There are five different world heritage sites in Thailand all of which are located in the country’s north or north-east. Here is a short description of each of them and where they are located.
Historic Town of Sukhothai and Associated Historic Towns
From 1238 to 1438 Sukhothai was the capital of the first Kingdom of Siam. It is known for its numerous monuments and temples that are illustrating the beginning of Thai architecture. Starting from the 12th century people from Yunnan in China migrated to the northern regions of the Khmer state. Known as the Thai (free men) they soon organized small communities. After a Thai prince married a Khmer woman they rebelled against the central power and created the first Siamese state, calling it the kingdom of Sukhothai – after the name of its capital city.
Sukhothai was ruled by many Kings, with the most famous one being King Ramkhamhaeng the Great who crated the Thai alphabet, set the foundation for politics, monarchy and religion and expanded the empire’s boundaries of influence.
- Find the full article of my visit to Sukhothai here.

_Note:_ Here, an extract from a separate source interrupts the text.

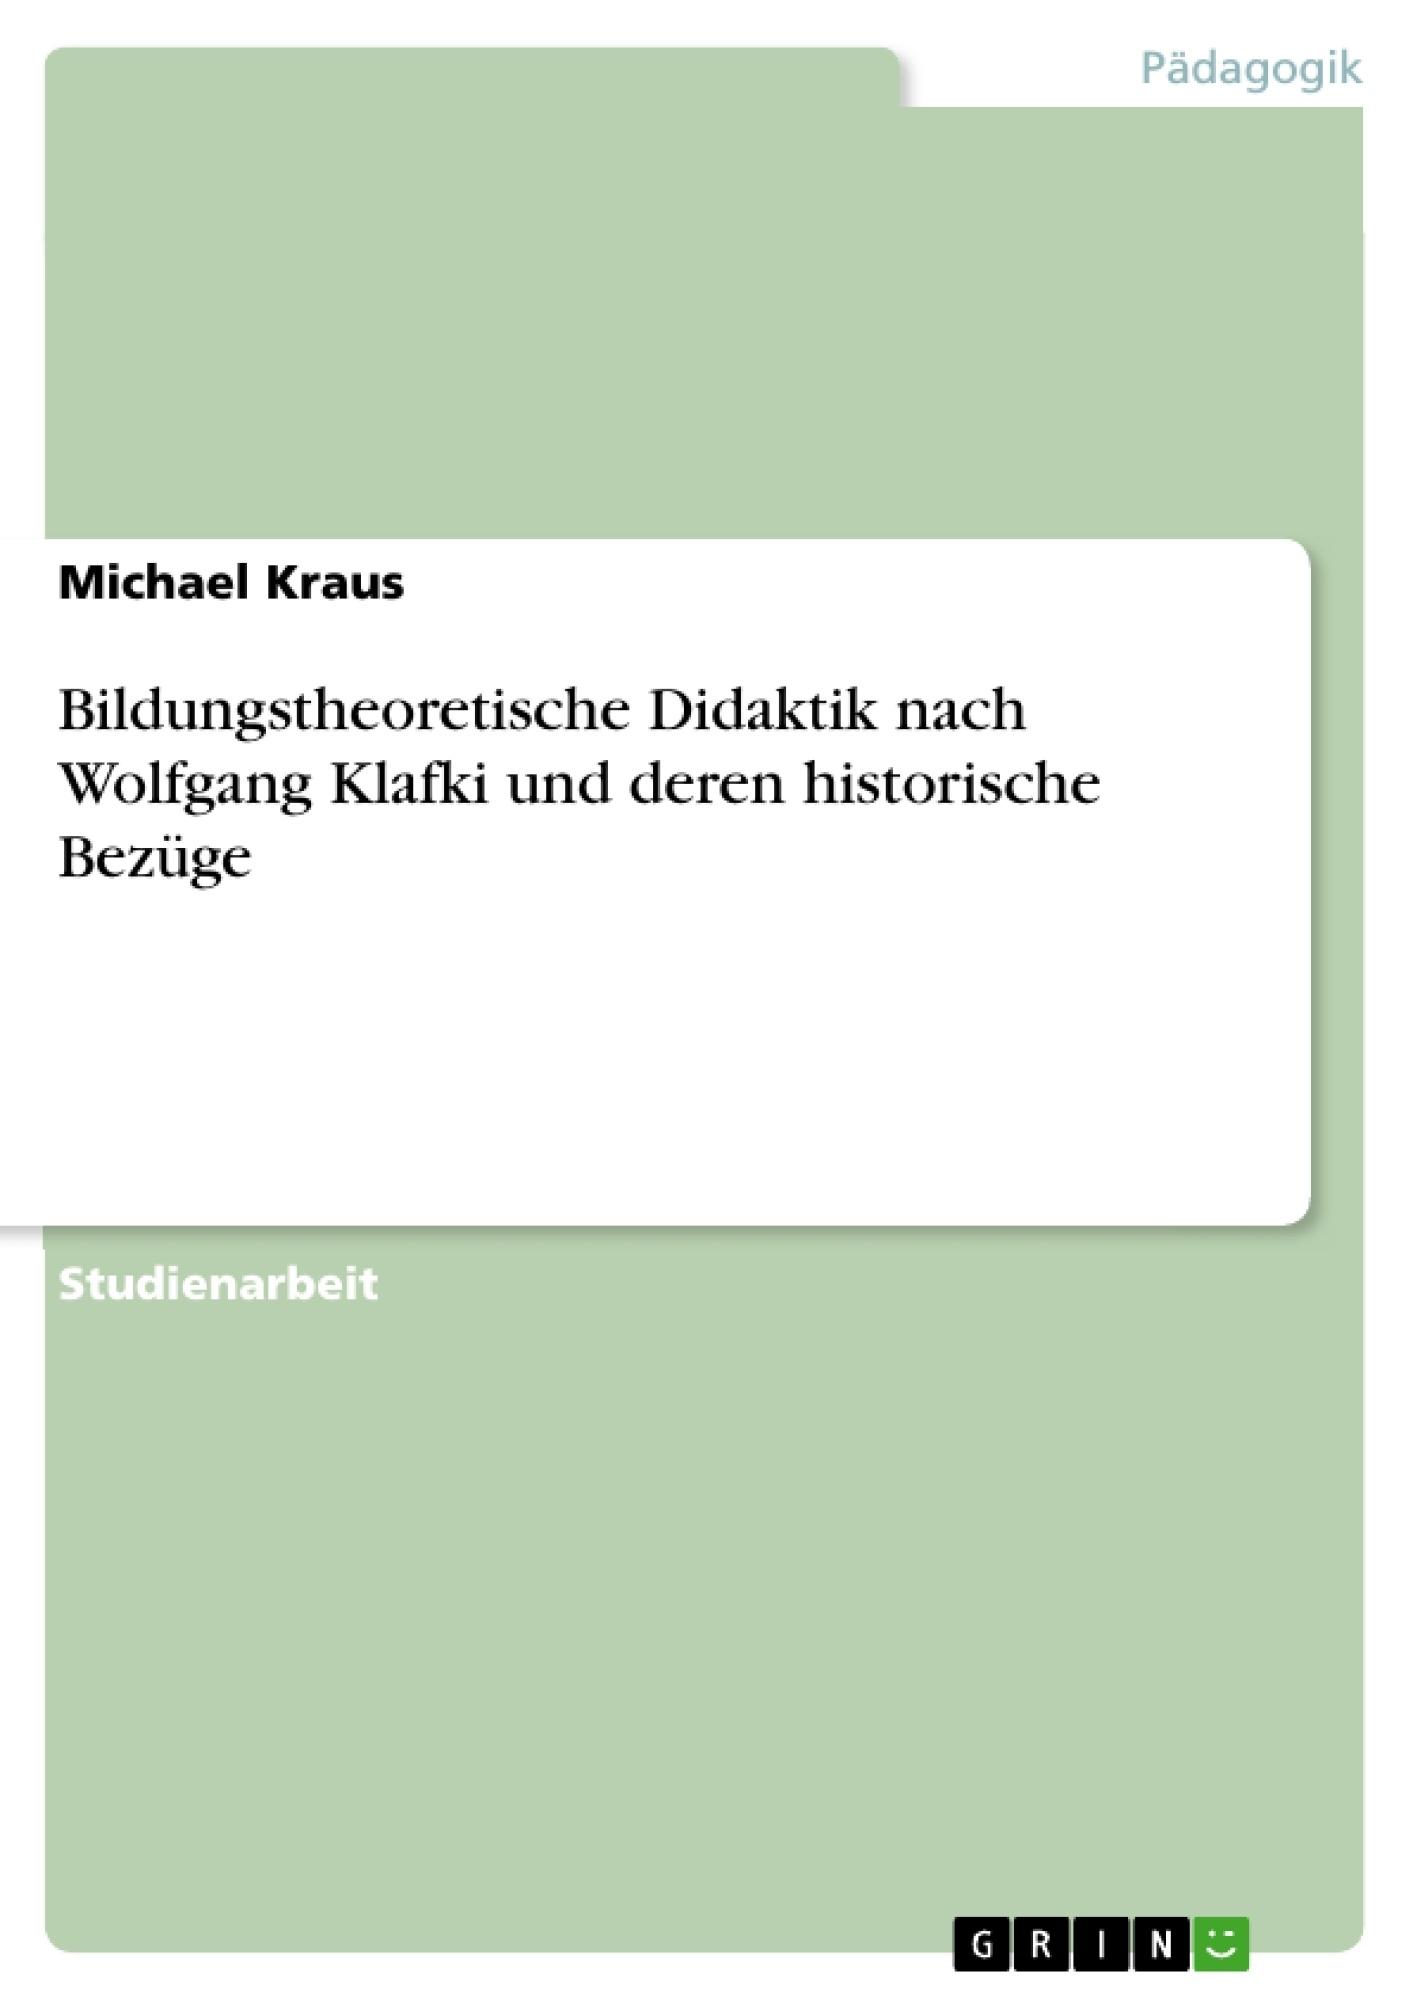 Titel: Bildungstheoretische Didaktik nach Wolfgang Klafki und deren historische Bezüge

Historic City of Ayutthaya
Founded in 1350, Ayutthaya became the second capital city of Siam after Sukhothai. It flourished from the 14th to the 18th centuries and became one of the world’s largest and most advanced civilizations as well as a center of global diplomacy and commerce. Its location above the tidal bore of the Gulf of Siam on an island surrounded by three rivers connected to the sea was chosen strategically as it protected the city not only from seasonal flooding but to prevent it from being attacked by warships of other nations.

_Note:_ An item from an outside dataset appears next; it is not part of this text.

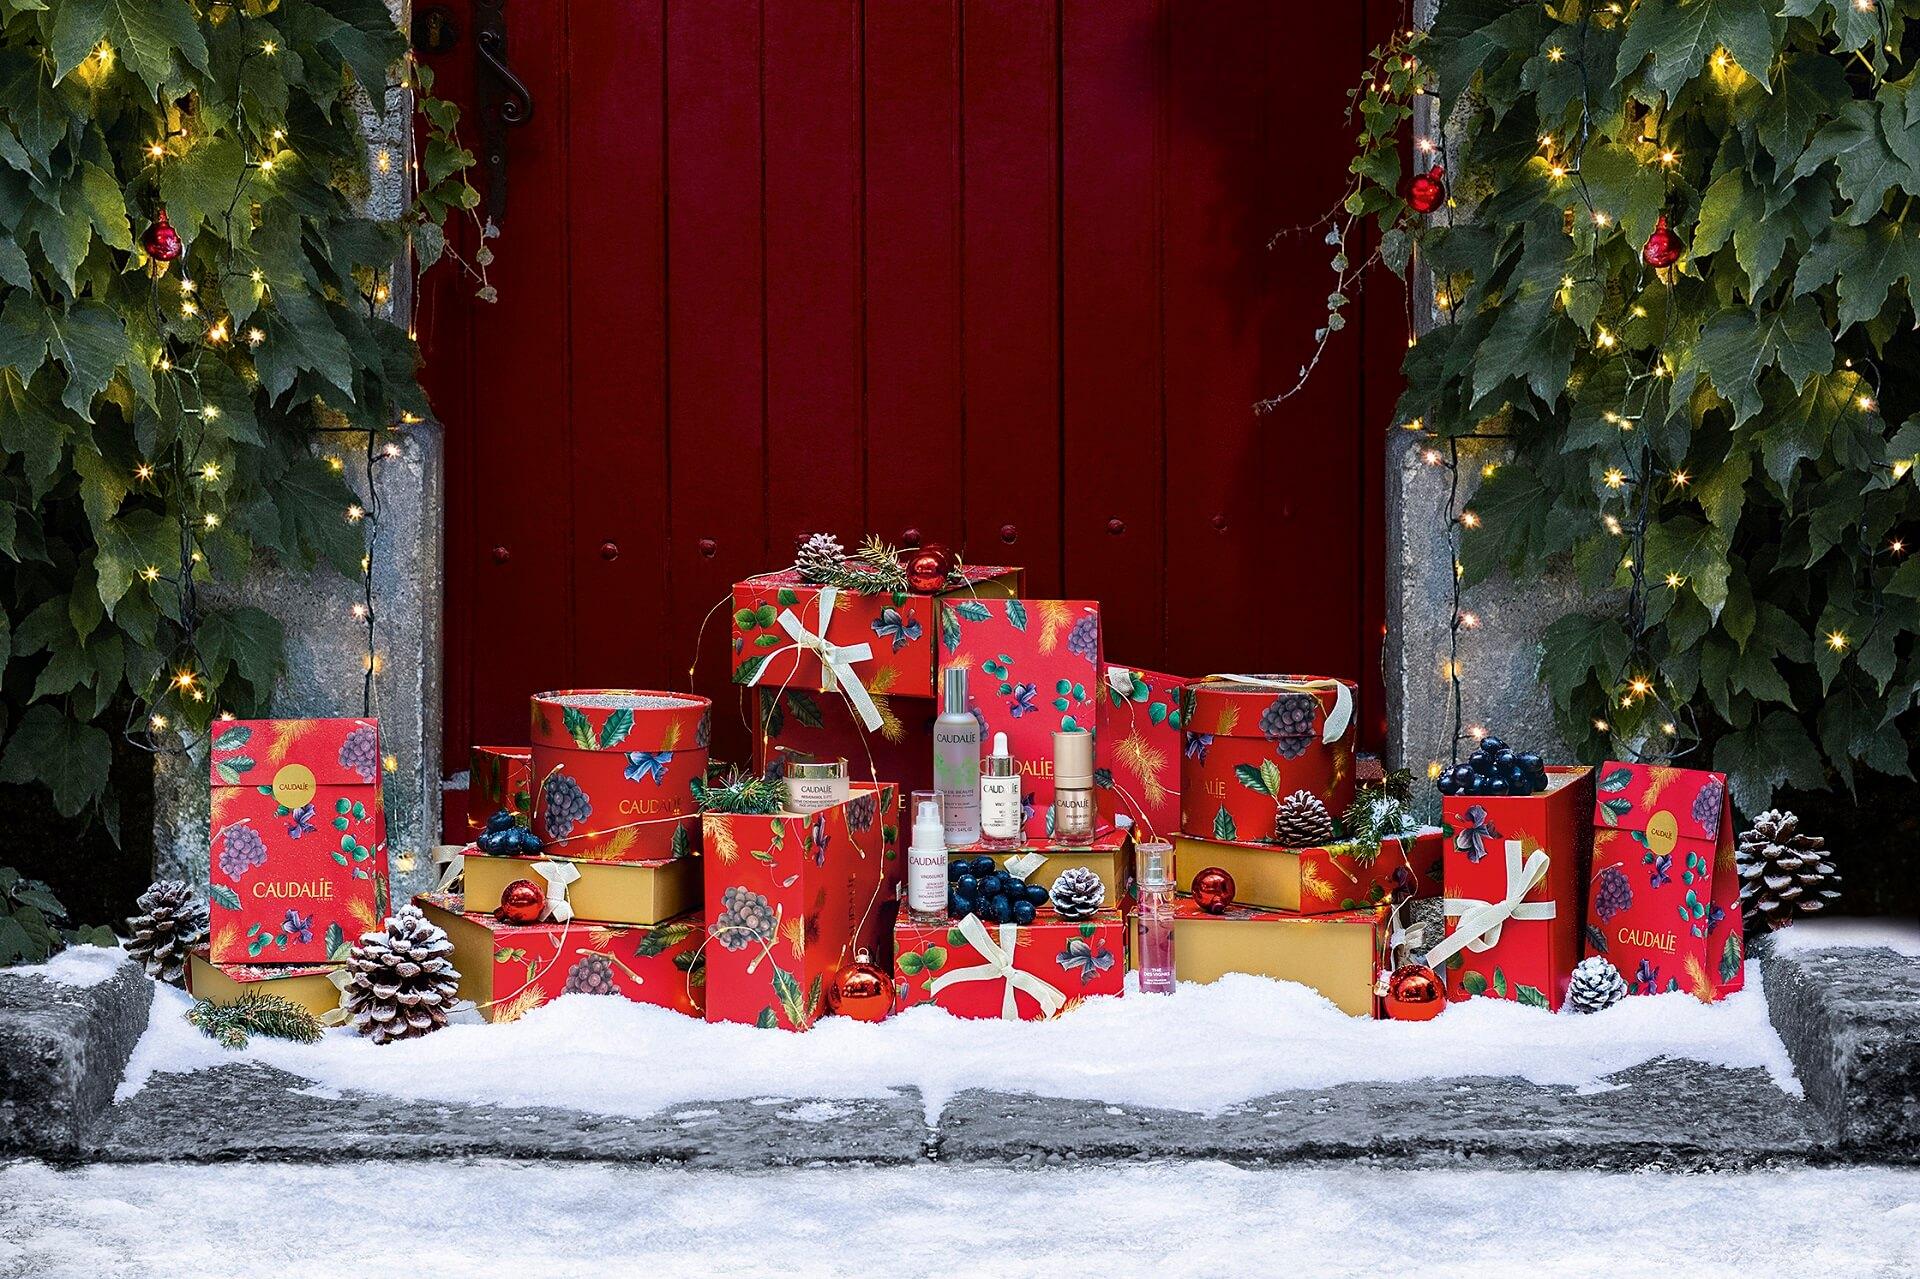 Осознанное Рождество: Тематическая коллекция праздничного настроения от брендаCaudalie-Фото 1

Nevertheless Ayutthaya was attacked and destroyed by Burmese army in 1767 who then forced the citizens to abandon the city. Nowadays Ayutthaya that has a population of only 54,000 mainly attracts visitors for its extensive archaeological site with a large number of beautiful temple complexes.
- Find the full article of my visit to Ayutthaya here.

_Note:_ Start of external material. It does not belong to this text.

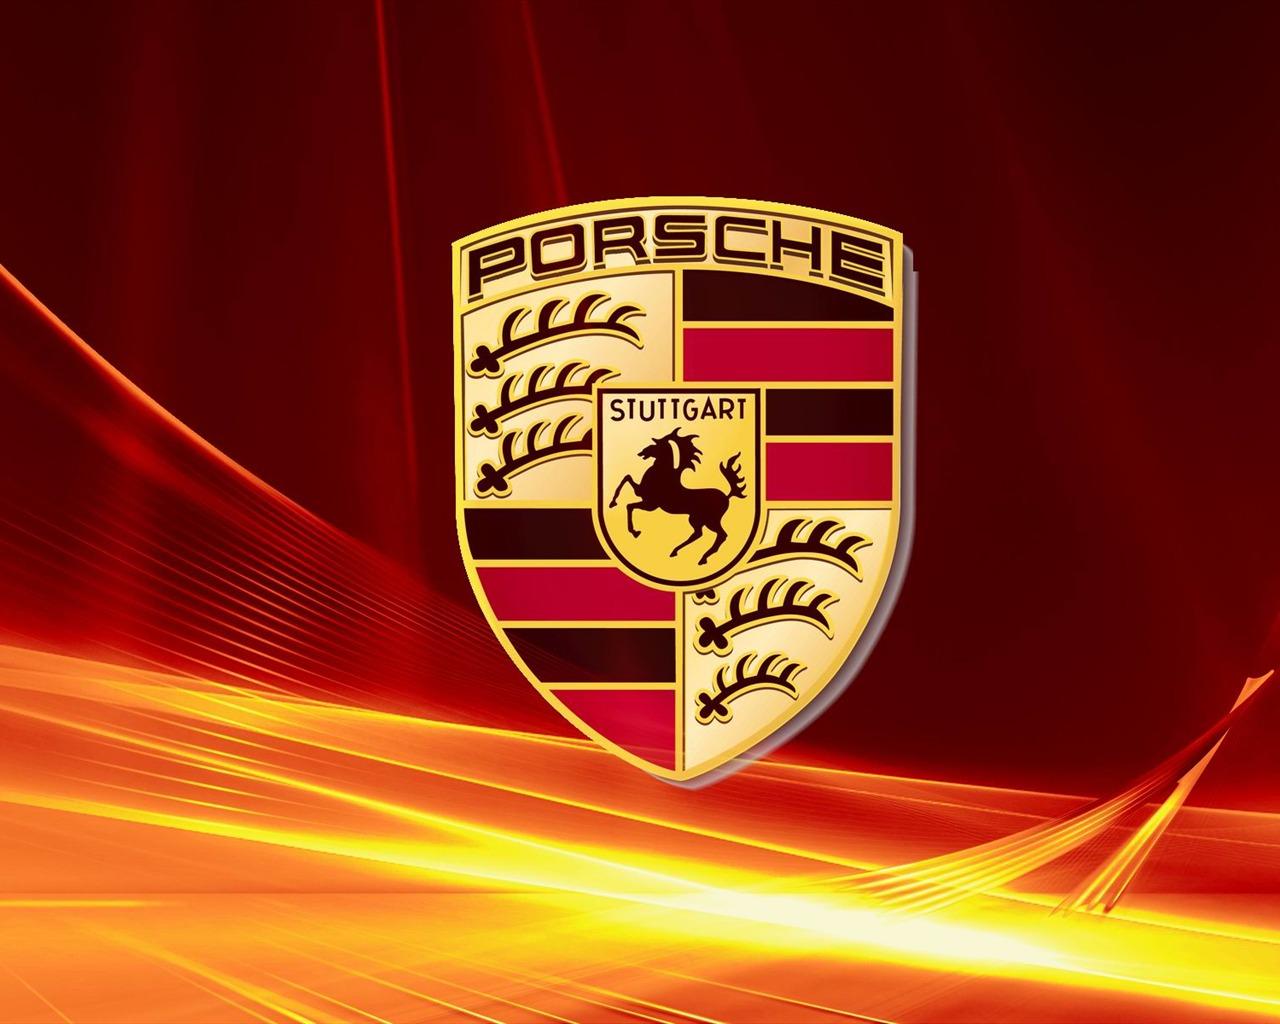 Porsche Logo Publicitaire De La Marque Fond D Ecran Apercu 10wallpaper Com

Thungyai-Huai Kha Khaeng Wildlife Sanctuaries
Located in the Uthai Thani, Kanchanaburi and Tak provinces along the Myanmar border, these 600,000ha adjacent parks and sanctuaries are the largest protected area in Southeast Asia.
They are best visited from Uthai Thani.
In Thungyai-Huai Kha Khaeng you can find almost all the forest types of continental Southeast Asia such as mountain virgin forest, dry virgin forest and pine forest. This unspoiled nature makes it an ideal home to various rare and endangered animals such as elephants, tigers, buffaloes, rhinoceroses, tapirs, leopards, bulls and many others.
Ban Chiang Archaeological Site
Located about 55km east of Udon Thani, Ban Chiang is considered the most significant prehistoric settlement in Southeast Asia. Not only does it present the earliest evidence of farming in the region but also of manufacturing and the use of metals.
The red painted pottery is exhibited in the Ban Chiang National Museum that makes a fantastic day trip from Udon Thani.
- Find the full article of my visit to Ban Chiang here.
Dong Phayayen-Khao Yai Forest Complex
The Dong Phayayen-Khao Yai Forest Complex in the Nakhon Ratchasima province stretches over 230km between Ta Phraya National Park near the Cambodian border in the east and Khao Yai National Park about 100km northeast of Bangkok in the west.
This site contains more than 800 species of fauna and is of high international importance for the conservation of globally threatened and endangered mammal (112), reptile (200) and bird (392) species that can only survive in this viable tropical forest ecosystem.